JACKSON, Tenn. - 3/27/2006 -
By: David Roach
Cardinal & Cream
From the time his daughter could pick up a bat, she was his little superstar. Now Tony Kirk, a 1984 Union graduate, can watch his superstar play not only at the collegiate level, but also under the same coach he had during his college career.
Kirk, who is now the office manager at Bolivar Electric Department in Bolivar, Tenn., played two years with the Bulldogs under the command of co-head coaches David Blackstock and Linn Stranek. In ’83, he was on the first Union baseball team to make it to the NAIA World Series—something no other team has been able to do since.
“ was an unbelievable season,” Kirk said. “We were such a close team.”
Kirk hit .349 that year including 11 homeruns and 55 runs-batted-in. In the World Series Kirk hit a team high of three homeruns en route to a third place finish in the series.
“Every once in a while I guess I carried my weight,” a modest Kirk said. “Our team was special in that someone different picked us up every game.”
Not only was the team’s will and determination tough, but the relationships surrounding the team were solid. Kirk said much credit could be attributed to Blackstock’s leadership.
“We respected him. Sure, he was a cut-up with us sometimes, but we knew he was in charge and that we didn’t want to let him or our teammates down.”
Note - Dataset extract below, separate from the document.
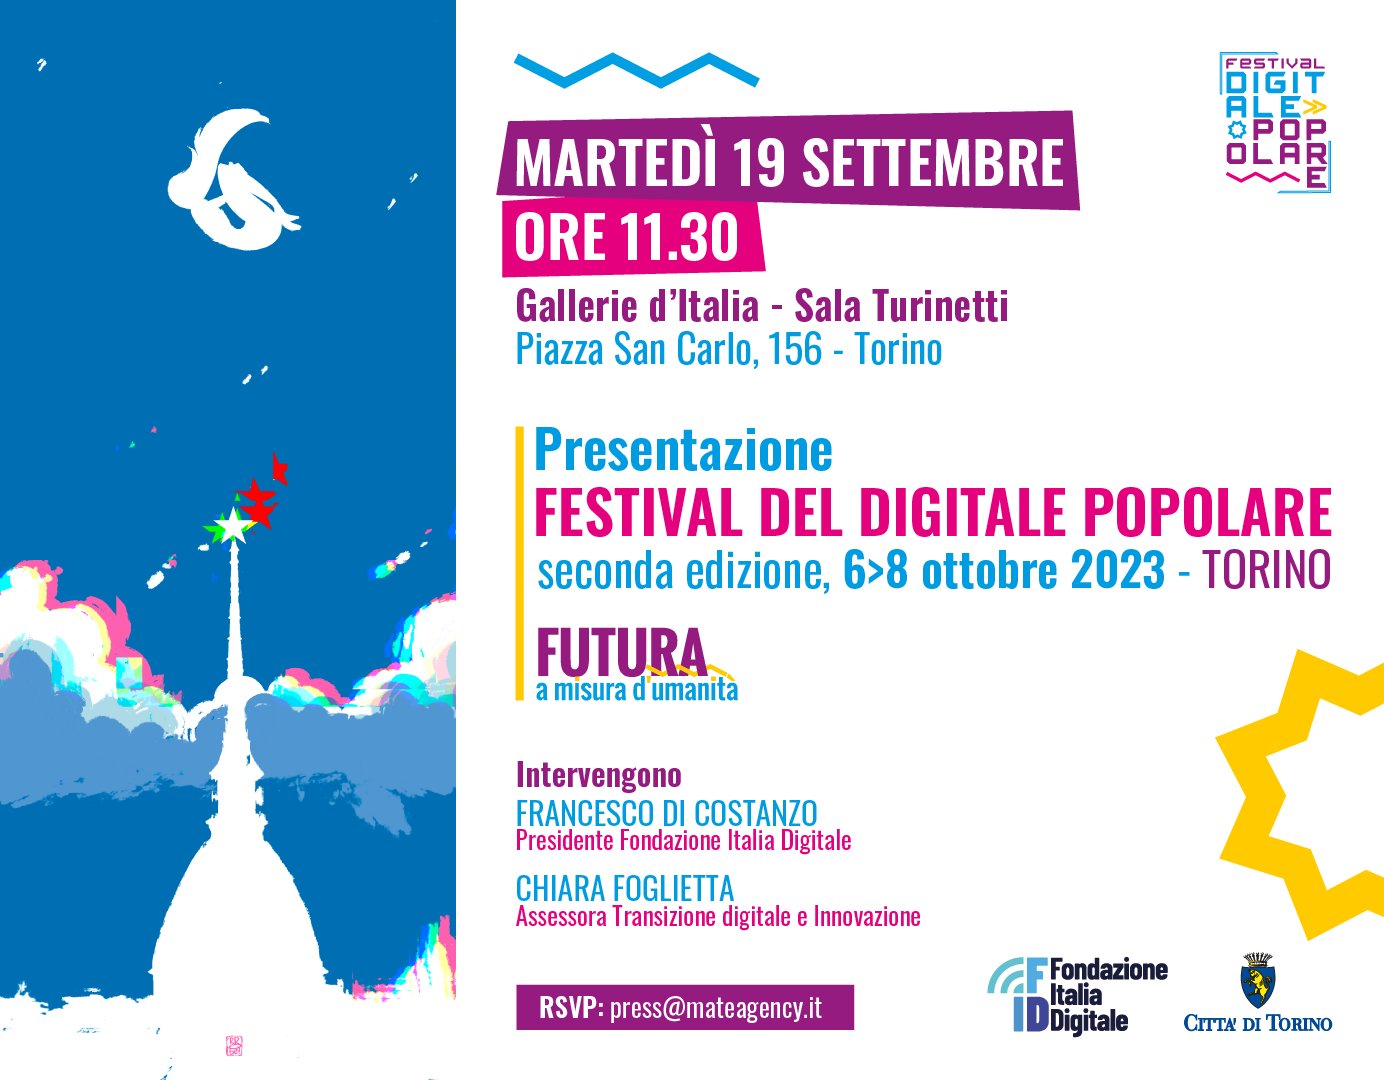 Presentazione seconda edizione del Festival del Digitale Popolare

“In coaching, Dr. Stranek and I believe deeply that coaches were in charge,” Blackstock said. “But our philosophy was that we enjoyed the relationship between players and coaches.”
Now the same coach who took the team to Disney World while playing in Boca Raton, Fla. and played hearts in a hotel with his players the night before a World Series game is coaching a second generation Kirk.
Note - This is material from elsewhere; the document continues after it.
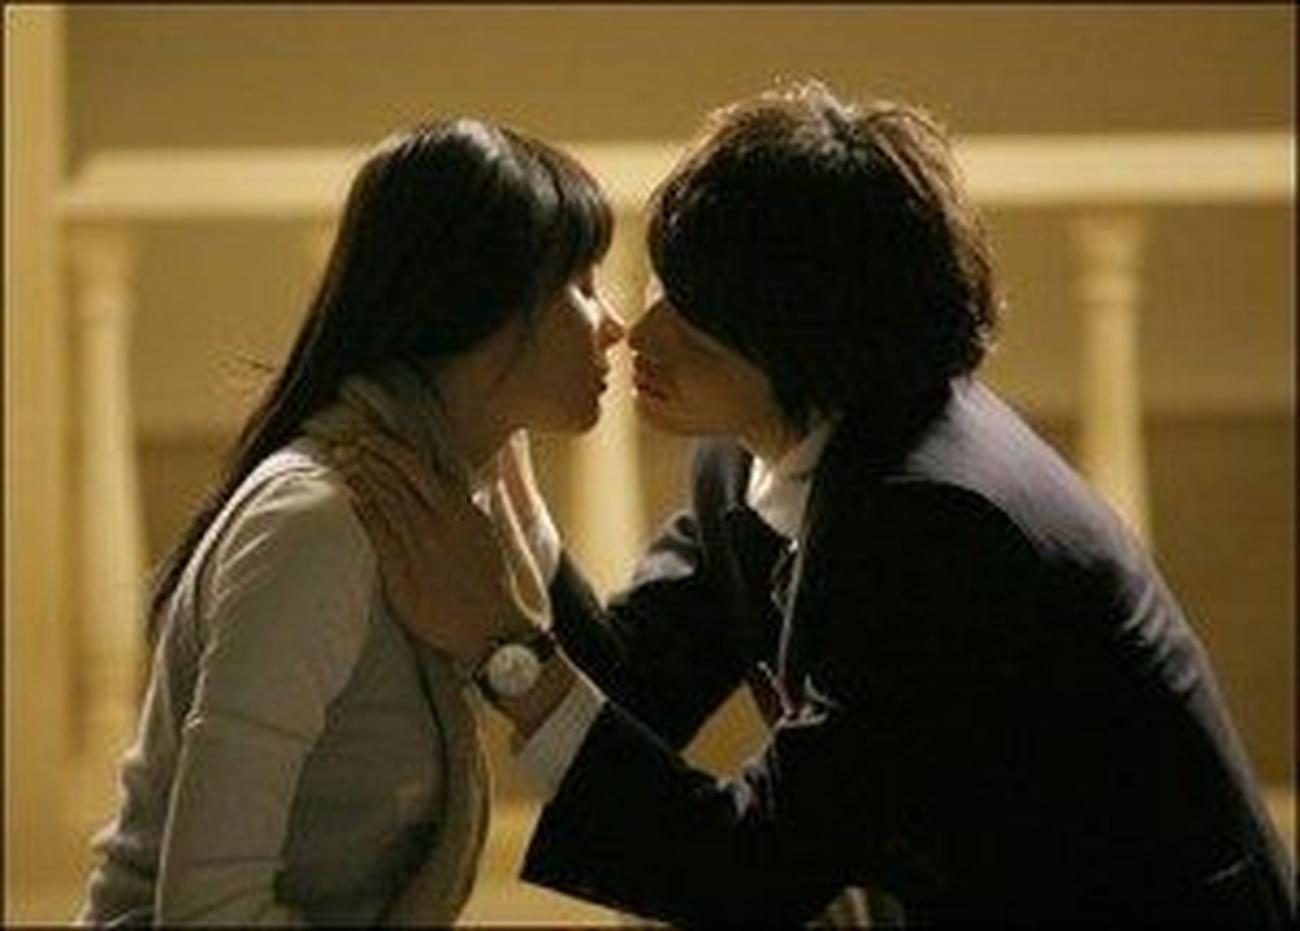 Photo of Baciare una ragazza. Ecco come desidera essere baciata.

Freshman Kristen Kirk, mathematics major, was actually recruited and signed on by former head coach Brian Dunn prior to Dunn’s resignation.
Before coming to Union, young Kirk had considerable experience at shortstop, outfield and pitcher positions. Whatever role she plays on the team, she is excited about playing for Blackstock.
“Our whole family was excited when we heard coach Blackstock was going to coach softball at Union,” Kirk said. “I had heard nothing but good things about him from my dad, so I was never worried about playing under him.”
Her dad isn’t worried either.
“It’s relaxing knowing she is at Union, where she is happy with college life on and off the field,” Kirk said. “Watching her play, I don’t think I have ever seen her having as much fun playing softball as I have seen this season.”
Part of the fun is that Kristen hit her first homerun earlier this season against Culver-Stockton. What made it even more special was that her dad was in the stands to cheer for her.
“I could hear my dad above everyone else for sure,” Kirk said. “It means a lot to have him at my games, even though there are games when I can’t even look at him because I know I am playing bad.”
If the past is any indication, Kirk will not have many of those “bad” moments. It took a lot of work to get to where she is now, and she is taking nothing for granted.
“Not many people are going to be able to say first of all, ‘I played college softball’ and secondly, ‘I played under the same coach that coached my dad,’” she said.
Watching his daughter play softball for Union, Kirk still remembers the friend Blackstock became while he was there.
“The two years I spent at Union were the best two years of baseball I played. A lot of that had to do with coach Blackstock. When I walk up to him, I still call him coach Blackstock… he will always be my ball coach.”